» What the task requires: Copy the data exactly. Images are to be left out.

===== Supplied data =====

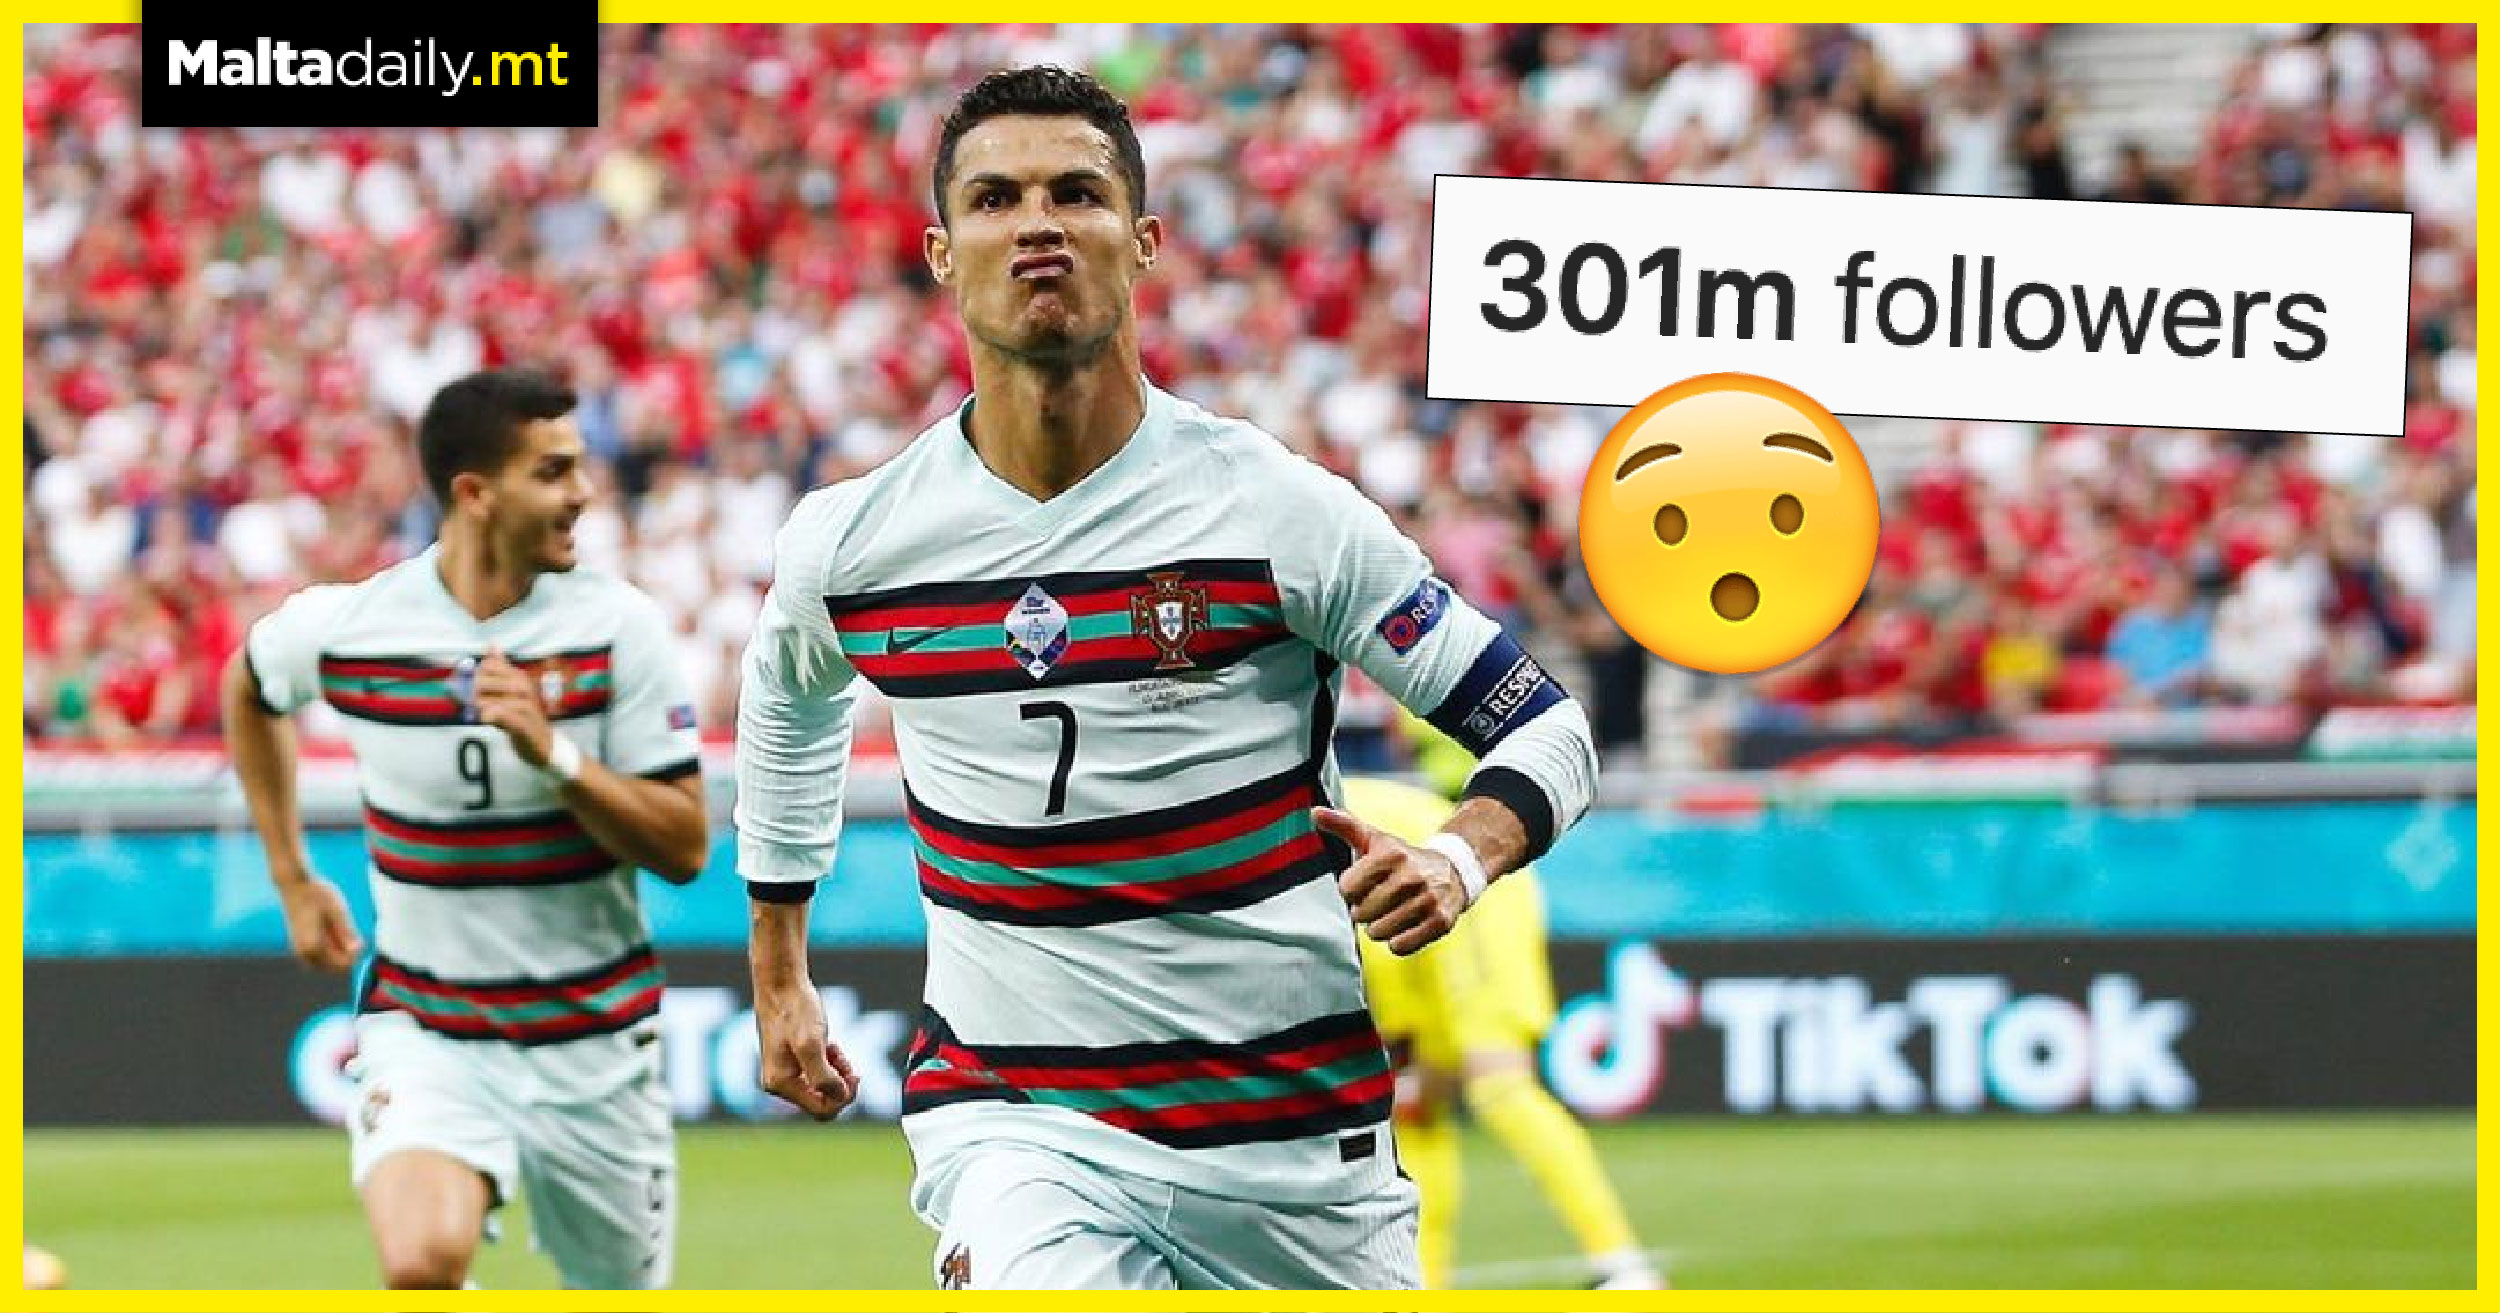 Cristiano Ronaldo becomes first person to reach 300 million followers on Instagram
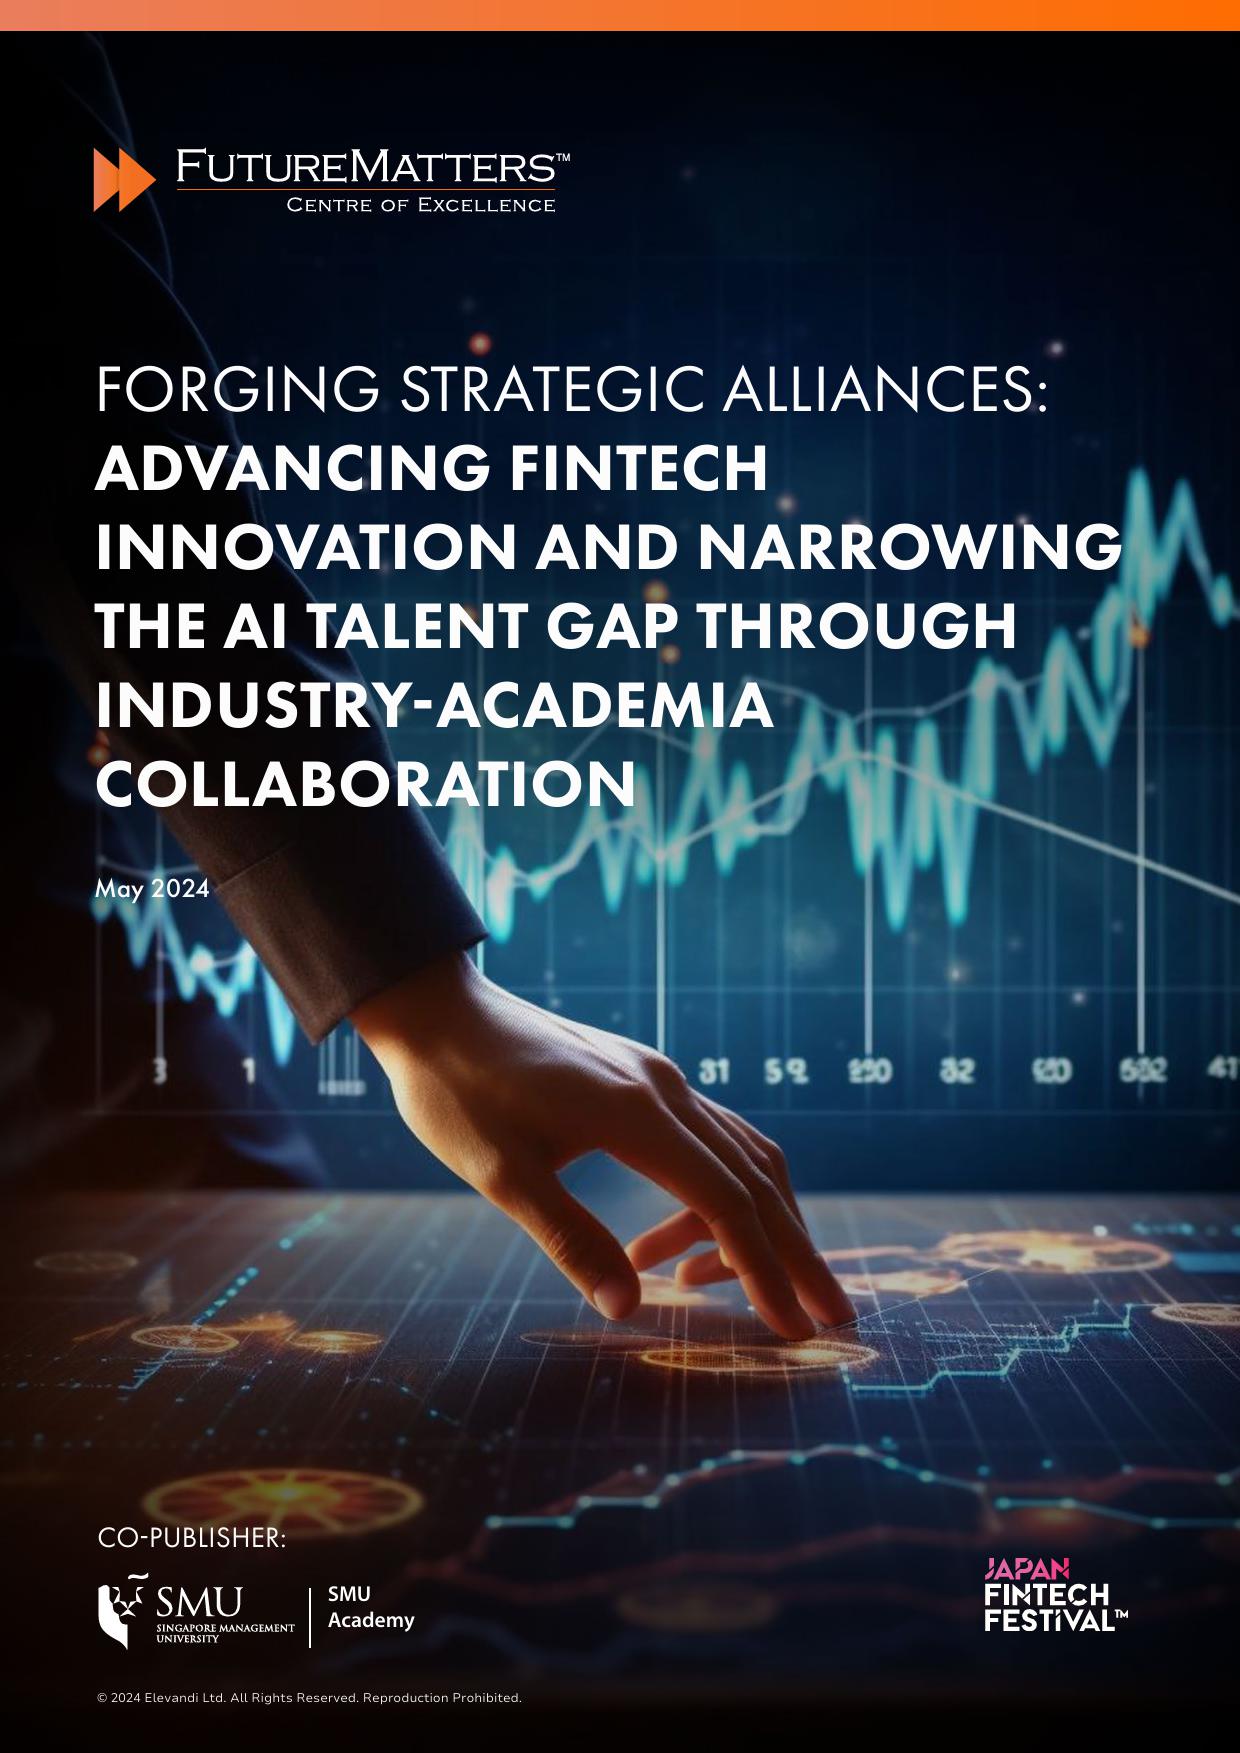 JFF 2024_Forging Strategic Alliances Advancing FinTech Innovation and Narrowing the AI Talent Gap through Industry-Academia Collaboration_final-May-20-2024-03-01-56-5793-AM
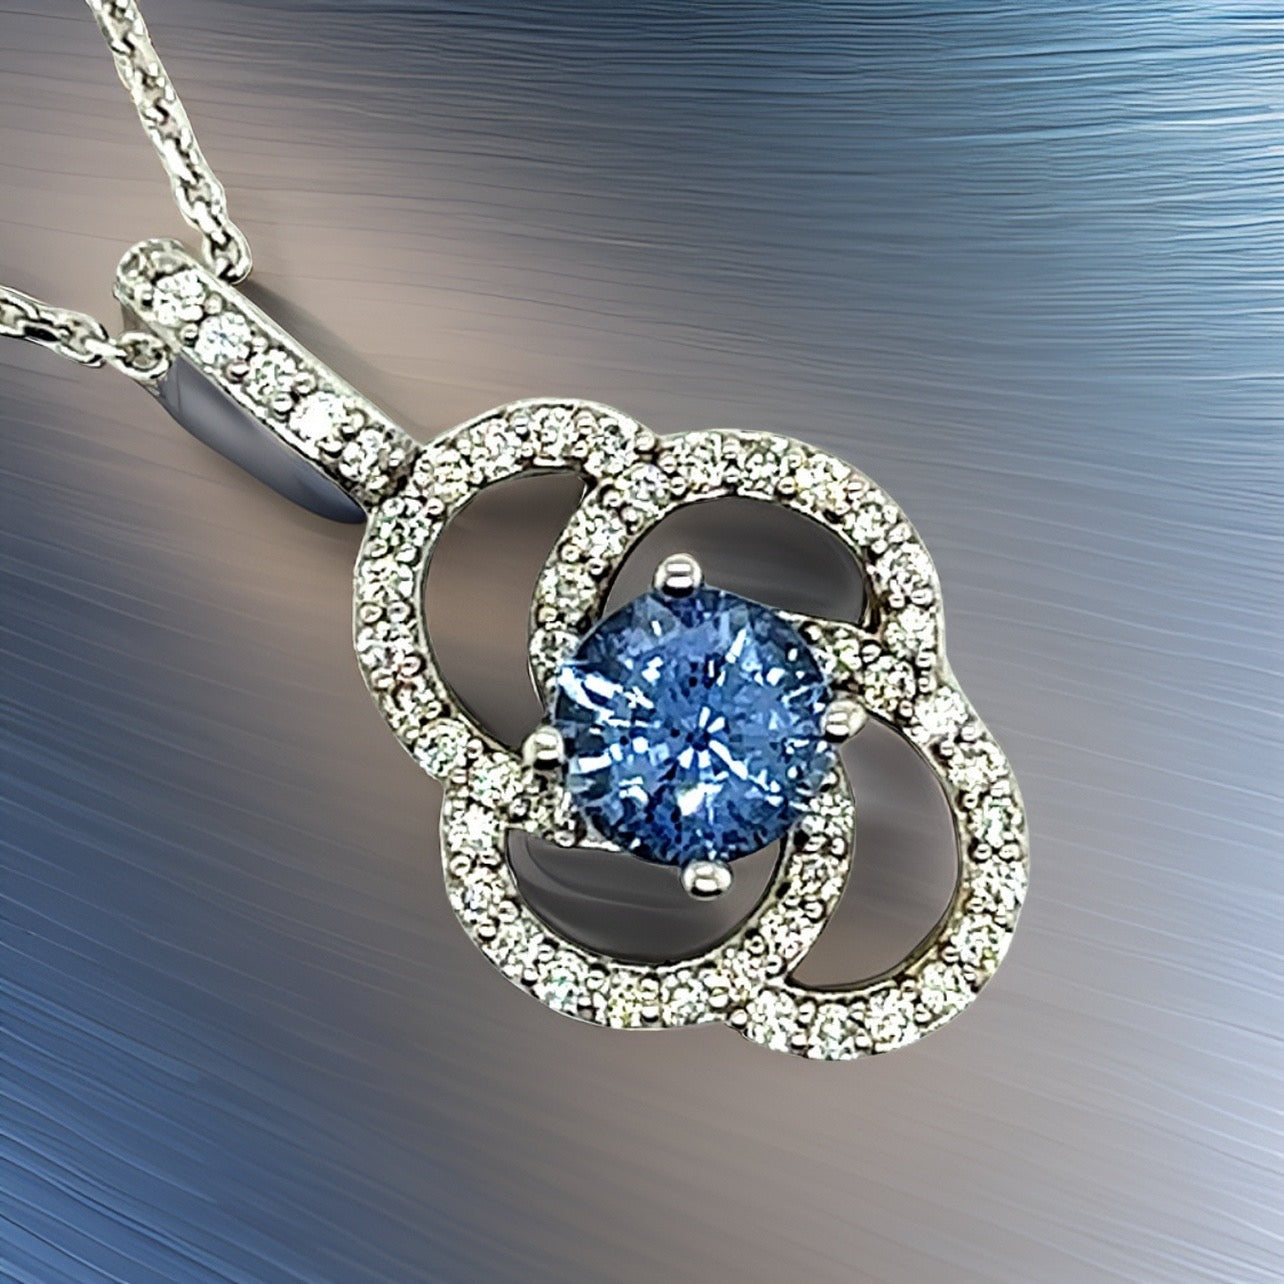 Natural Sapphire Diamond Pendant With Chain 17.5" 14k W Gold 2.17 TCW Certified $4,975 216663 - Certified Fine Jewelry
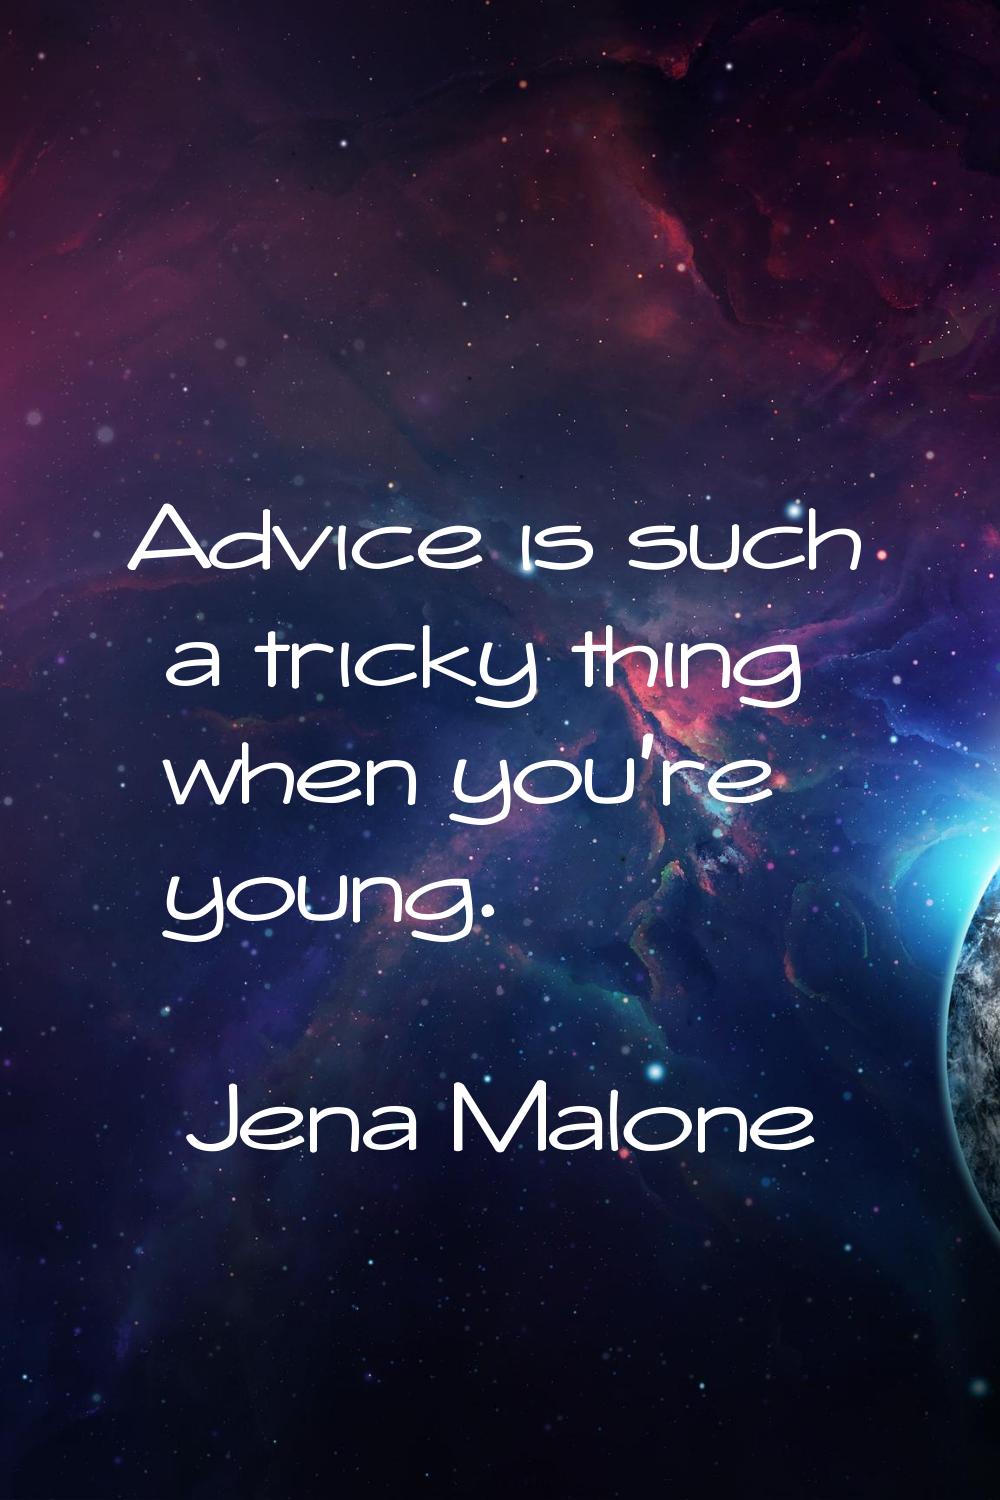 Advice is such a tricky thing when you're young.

=====

» Answer space:
 Cristiano Ronaldo becomes first person to reach 300 million followers on Instagram
 JFF 2024_Forging Strategic Alliances Advancing FinTech Innovation and Narrowing the AI Talent Gap through Industry-Academia Collaboration_final-May-20-2024-03-01-56-5793-AM
 Natural Sapphire Diamond Pendant With Chain 17.5" 14k W Gold 2.17 TCW Certified $4,975 216663 - Certified Fine Jewelry
 Advice is such a tricky thing when you're young.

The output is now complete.